The second temperature sensor 62 can be used to determine a first catalytic converter temperature TCat1,out downstream of the first catalytic converter 20. Furthermore, a temperature model stored on the control device 100 can be used to determine a first modeled catalytic converter temperature TCat1,mod for the first catalytic converter 20 on the basis of the first catalytic converter temperature TCat1,out.

The third temperature sensor 63 can be used to determine a second catalytic converter temperature TCat1,out downstream of the second catalytic converter 30. Furthermore, a temperature model stored on the control device 100 can be used to determine a second modeled catalytic converter temperature TCat2,mod for the second catalytic converter 30 on the basis of the second catalytic converter temperature TCat2,out. Alternatively, the first catalytic converter temperature TCat1,out can also be used as an input variable.

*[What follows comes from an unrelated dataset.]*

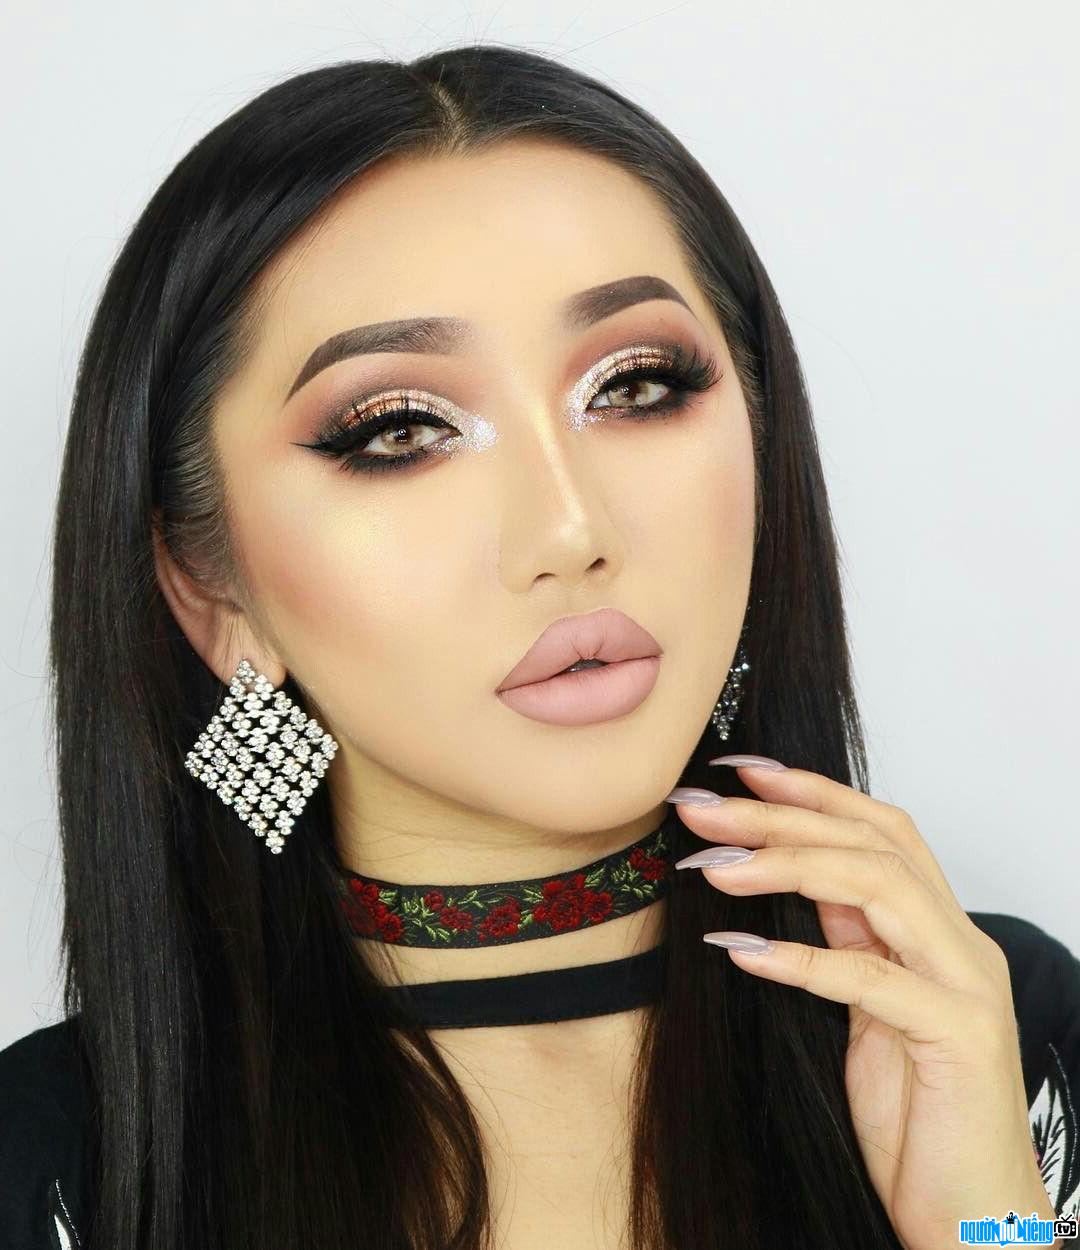 New pictures of Beauty Blogger Xthuyle

The temperature model that is used here, which is stored on the control device 100, can determine different temperature values within the exhaust tract on the basis of a plurality of input variables, such as the engine load and/or engine speed neng and/or the ignition angle efficiency η and/or the air-fuel ratio λ and/or the vehicle speed and/or ambient temperature TEnv and/or exhaust gas temperature Texh.

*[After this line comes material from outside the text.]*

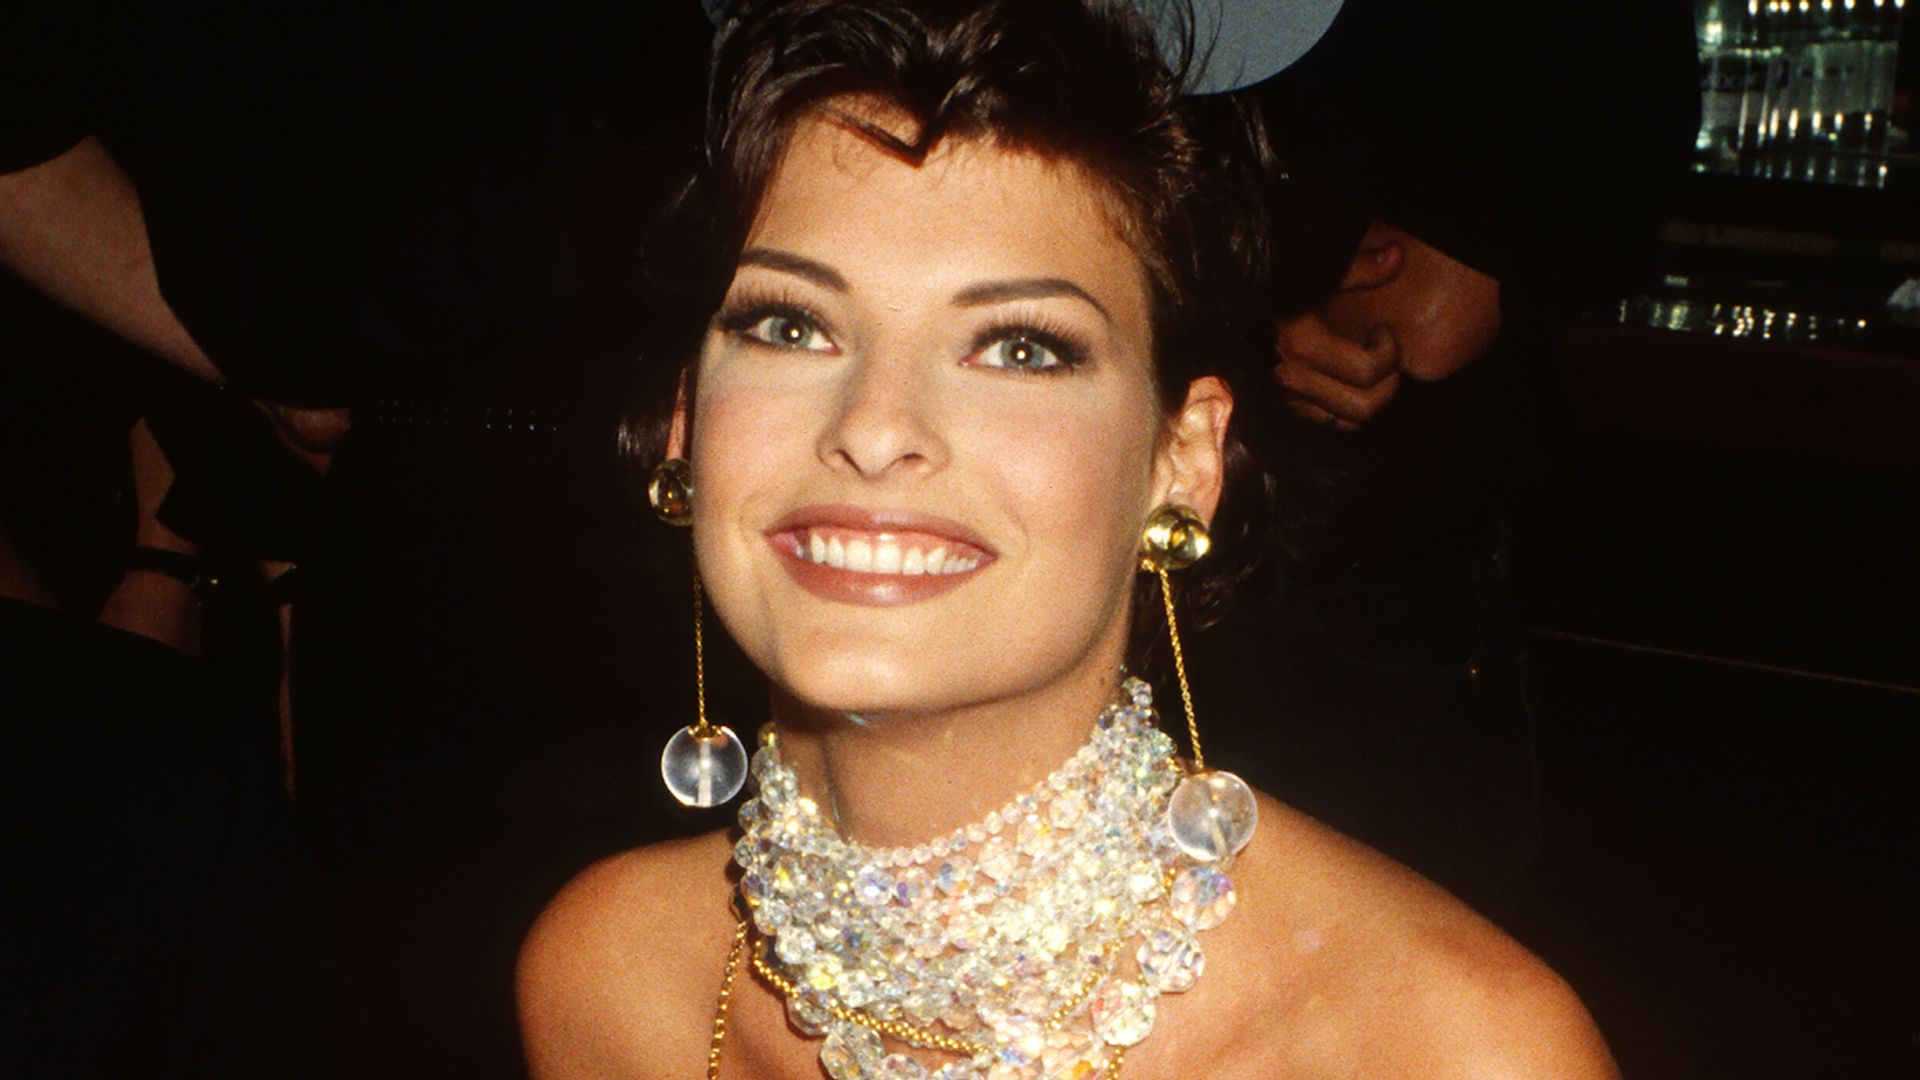 Linda Evangelista smiling at a Paris Fashion Week event in the 90s

Furthermore, in an application phase, temperature limit values for components installed in the exhaust tract are stored in the control device 100, wherein such temperature limit values must not be exceeded or permanently exceeded. Temperatures may also be determined or modeled at desired locations in the exhaust tract, such as the location near the exhaust valves of the internal combustion engine 10.

FIG. 2 shows a first exemplary sequence of the method for limiting the charge control for an internal combustion engine.

In a first step 200, a release condition for the method is checked by means of the control device 100.

For this purpose, a plurality of actual temperatures within the exhaust tract is continuously determined by the control device 100.

In the following example, this is limited to the manifold temperature TExh,Mnf, the first catalytic converter temperature TCat1,out and the second catalytic converter temperature TCat2,out.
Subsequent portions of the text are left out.